The Dwight D. Eisenhower Memorial in Washington, D.C., is open to the public after a 20-year wait, inviting Americans to reflect anew on the legacy of the great soldier-statesman.
To many, he's the general who led hundreds of thousands of Allied troops in the D-Day invasion that began the liberation of Europe. To others, "Ike" is the popular two-term president who ended the Korean War, created the nation's current infrastructure and laid the groundwork for civil rights.
The capital's newest memorial presents a unified portrait of Eisenhower, the man from Abilene, Kan., who applied the lessons of West Point on the battlefield and in the White House, who was both a leader and public servant, who didn't seek the political life but answered his country's call.
Congress commissioned a permanent memorial to Eisenhower in 1999, but agreement on its design and scope took time – and compromise.
"We persevered, and then we persevered, and then we got it right," Kansas Sen.
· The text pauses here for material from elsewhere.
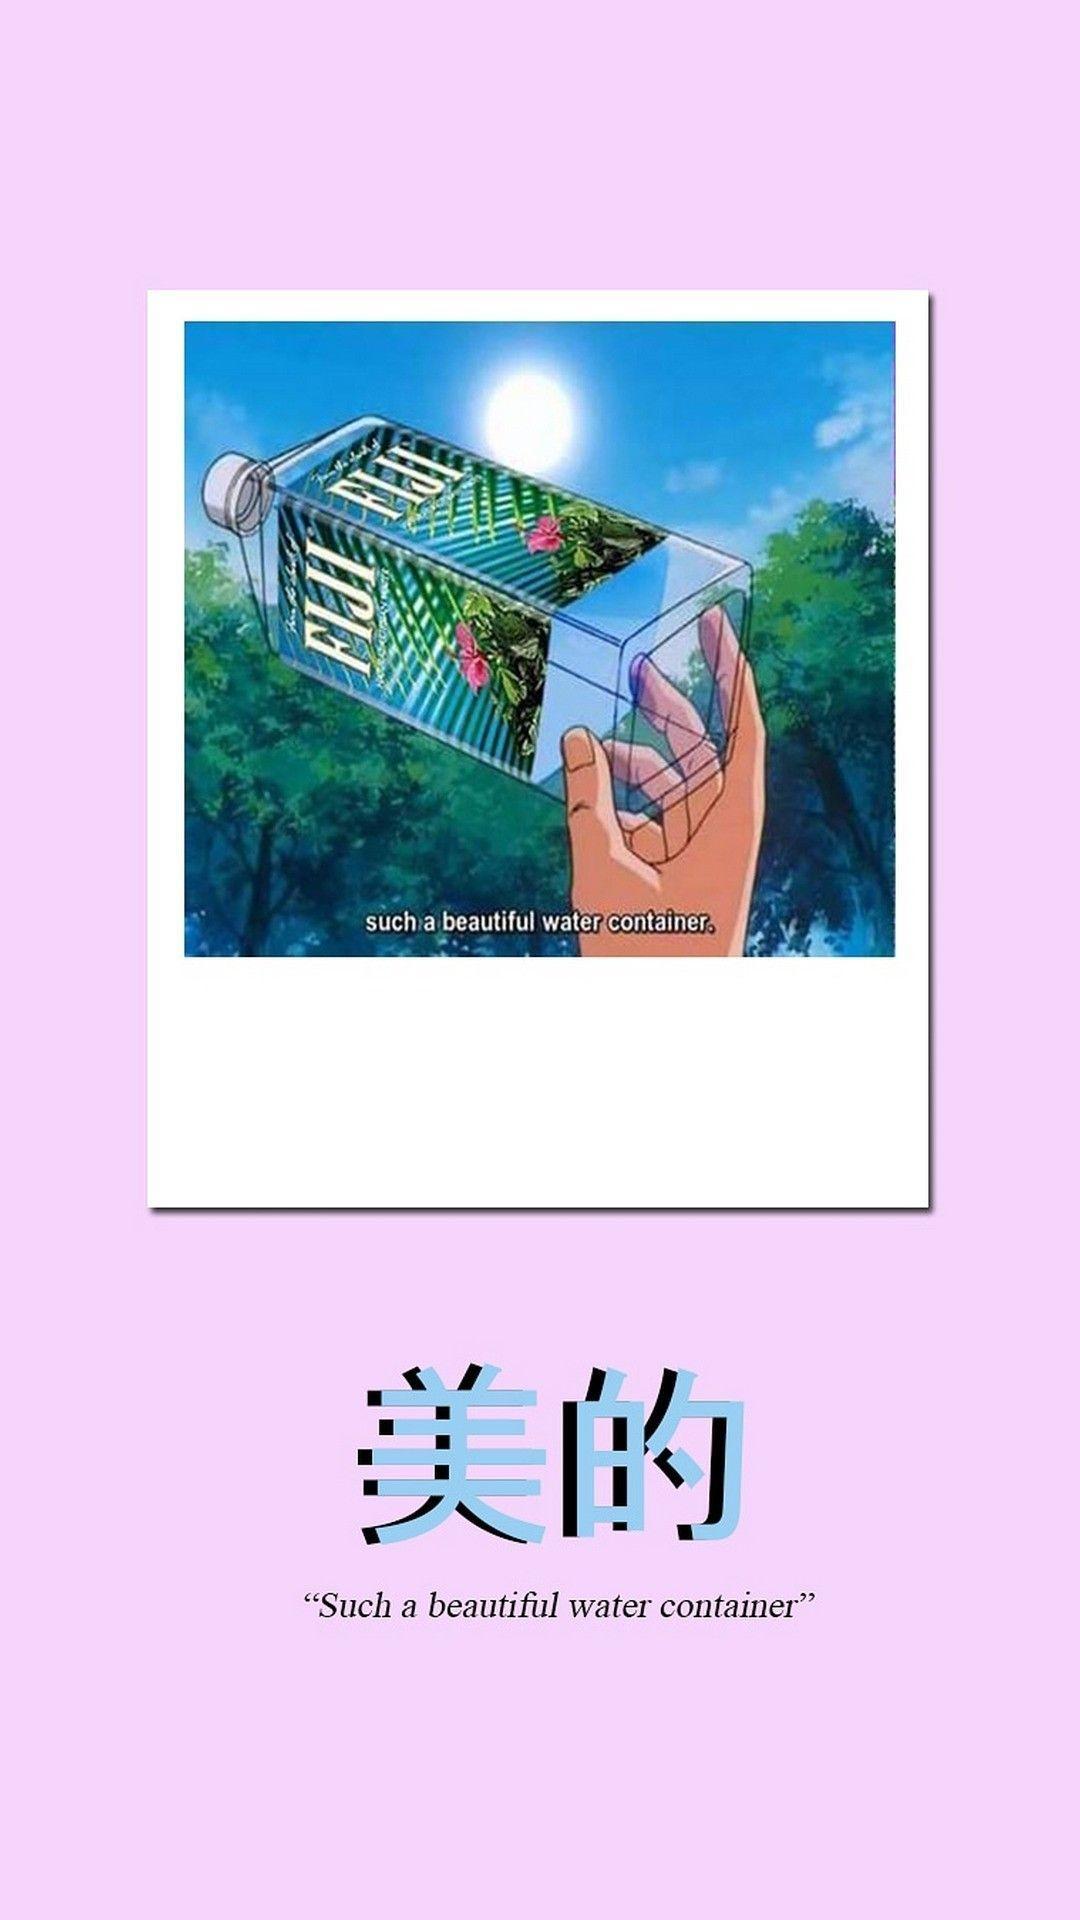 Most Best Retro Anime Wallpaper Iphone 80s Wallpapers La Tert In 2020 Anime Wallpaper Iphone Vaporwave Wallpaper Aesthetic Iphone Wallpaper

Pat Roberts, chairman of the Eisenhower Memorial Commission, told members of the Eisenhower family and other guests at the Sept. 17 unveiling.
Designed by renowned architect Frank Gehry, the memorial combines different art forms to trace Eisenhower's journey from Midwestern boy to beloved general to visionary president. Bronze sculptures by Sergey Eylanbekov include a young Eisenhower, seated, gazing toward his future – at one end of the open-air plaza, the general addresses his men before D-Day, and at the other, the president stands with his advisers in front of a world map done in stone bas relief, also by Eylanbekov. Above the two scenes are stirring words from Eisenhower speeches, etched in limestone.
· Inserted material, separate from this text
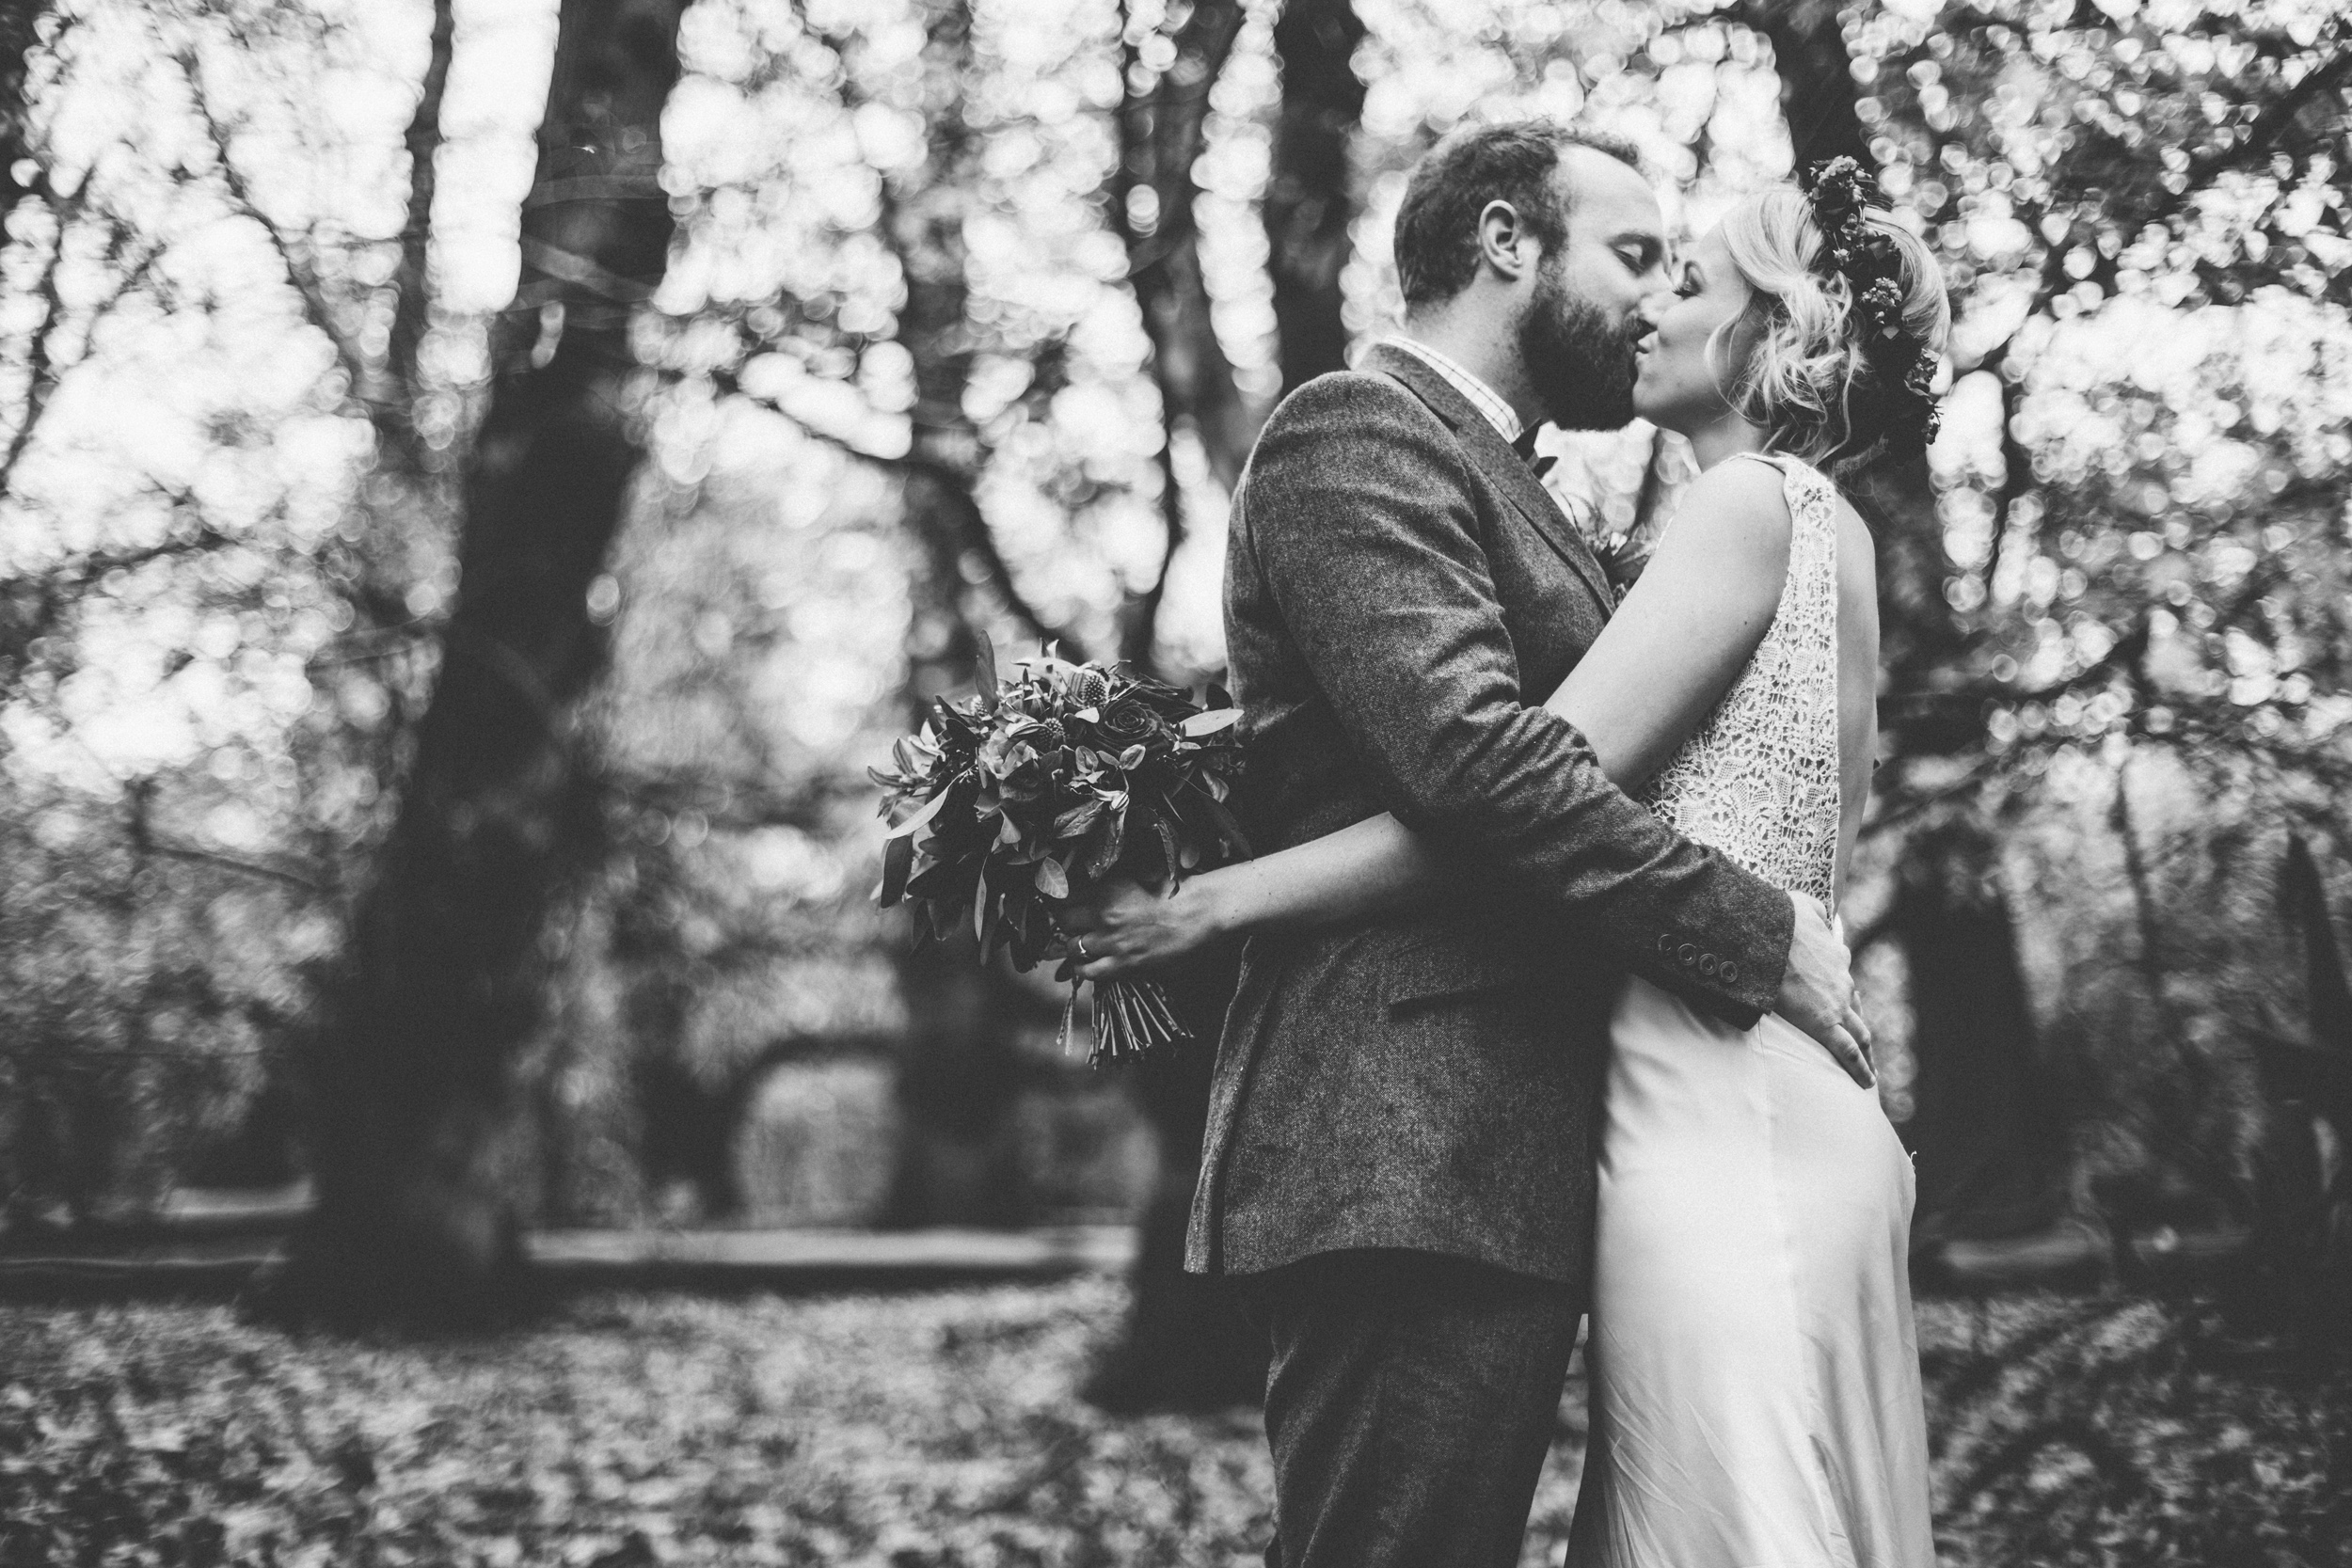 Kate-Beaumont-Wedding-Dresses-Autumn-Shoot-Rebecca-Tovey-3.jpg

Framing it all is a first-of-its-kind stainless-steel tapestry by artist Tomas Osinski. Eighty feet high and 480 feet long, it depicts the cliffs of Pointe du Hoc on Normandy's coastline in peacetime, symbolizing the sacrifice to liberate Europe and save Western democracy.
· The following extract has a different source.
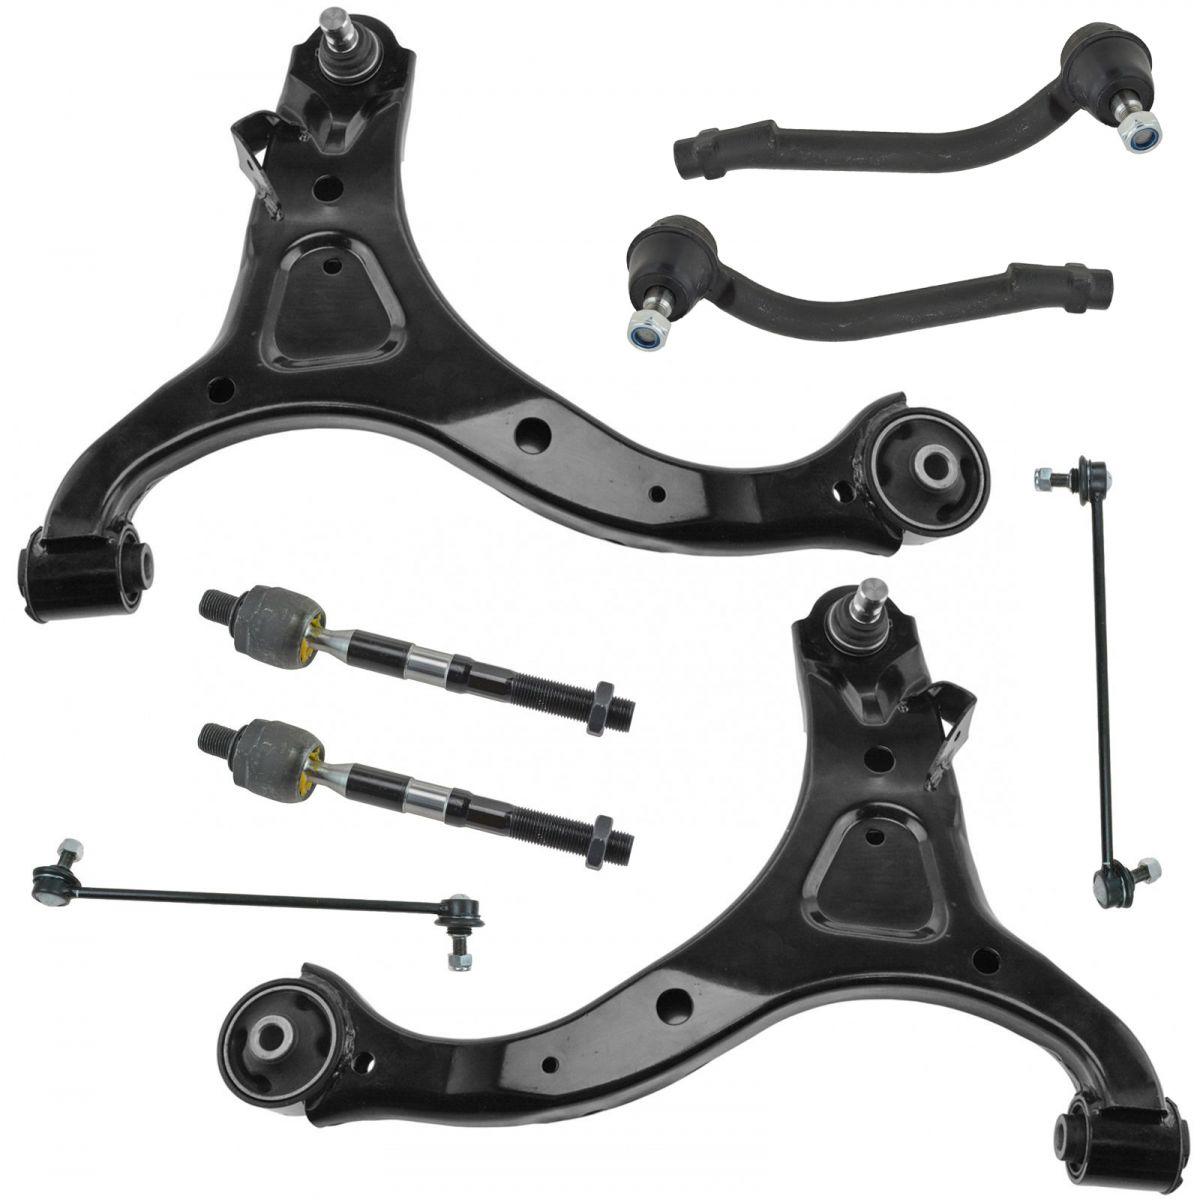 Frt Control Arms with Ball Joint Tie Rods Fits Hyundai Santa Fe Kia Sorento 8Pc

Located in a newly created park on Independence Avenue SW between 4th and 6th streets, and adjacent to the National Mall, the Eisenhower Memorial is close to sites that connect to his administration's achievements, including the Department of Education, the Department of Health and Human Services, and the Smithsonian National Air and Space Museum (Eisenhower established NASA, the FAA, and the Department of Health, Education and Welfare).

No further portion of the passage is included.